When PaddleOCR or MangaOCR are selected, the Image Processing Mode dropdown is purposefully bypassed — they use their own high-fidelity pipelines optimized for neural network recognition. Switch back to Tesseract to use preprocessing modes again.
👁️ Autonomous Eye (Auto-Capture)
Use the AUTO button next to RE-CAPTURE to enable hands-free
OCR.
- AUTO: ON — Indicator turns green
- AUTO: OFF — Indicator turns gray
- Clicking toggles automation instantly
- Reflects the global state also found in the side menu
How it works:
- Scans the selected region every 500ms for pixel-level changes.
- Waits 800ms after stabilization to avoid mid-transition frames.
- Works best with a tight capture region around the dialogue text.
🔊 Text-to-Speech
- Select a Japanese voice from the TTS Voice dropdown in the header.
- Click 🔊 next to the latest line to hear it spoken aloud.
- Every history entry also has its own 🔊 button for replaying past lines.
- Select 🔇 TTS Off to disable speech entirely.
📋 High-Speed Clipping (Auto-Copy)
Extract and copy specific text segments from the results tray with zero friction:
- Enable: Turn on Auto-copy selected text in the Side Menu (≡).
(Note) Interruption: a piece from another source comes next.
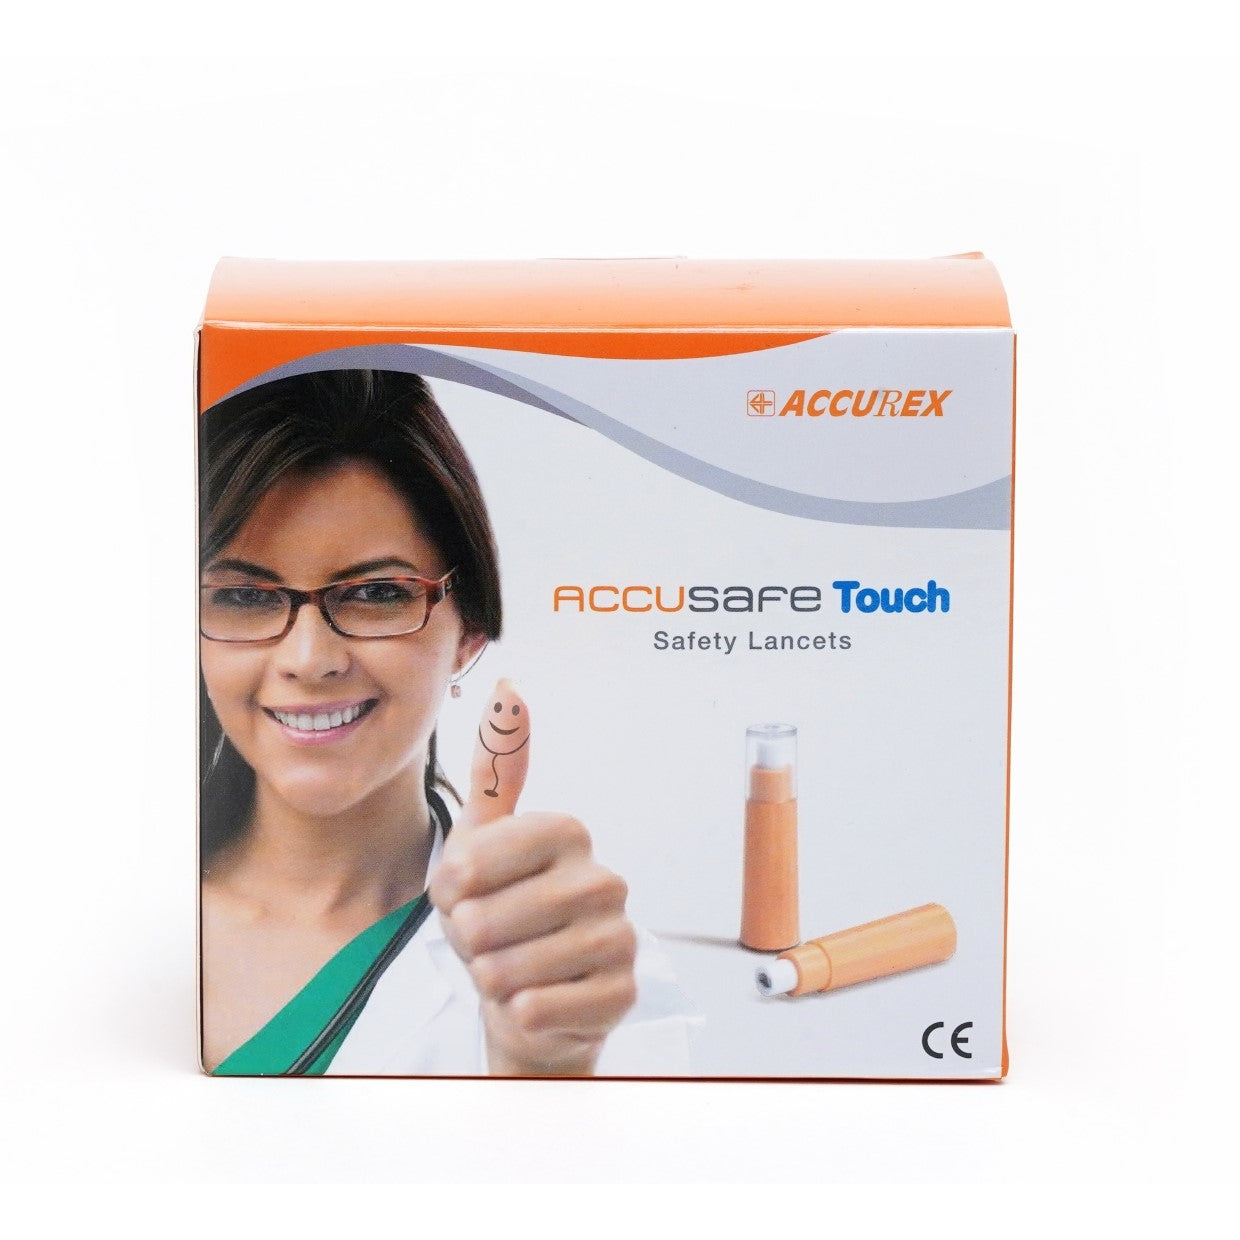 Accurex Accusafe touch lancets (100 units)

- Clip: Simply highlight any text in the transcription area using your mouse.
- Confirm: An accent outline will flash to confirm the text is safely on your clipboard.
💡 Pro Tips
- Deterministic Reset: Use Reset to Defaults in the Side Menu (≡) to clear all cache and restore the v3.1 Gold factory state.
- UI Customization: Use the Side Menu (≡) to adjust the Text Area Size and Text Size to match your device.
- Manga Focus: MangaOCR is strictly optimized for comic panels. For standard Visual Novel UI text, PaddleOCR or Tesseract will almost always yield better results.
- History: The sidebar logs up to 100 lines, restored on next session. Use the 📋 icon next to any entry to copy the full line.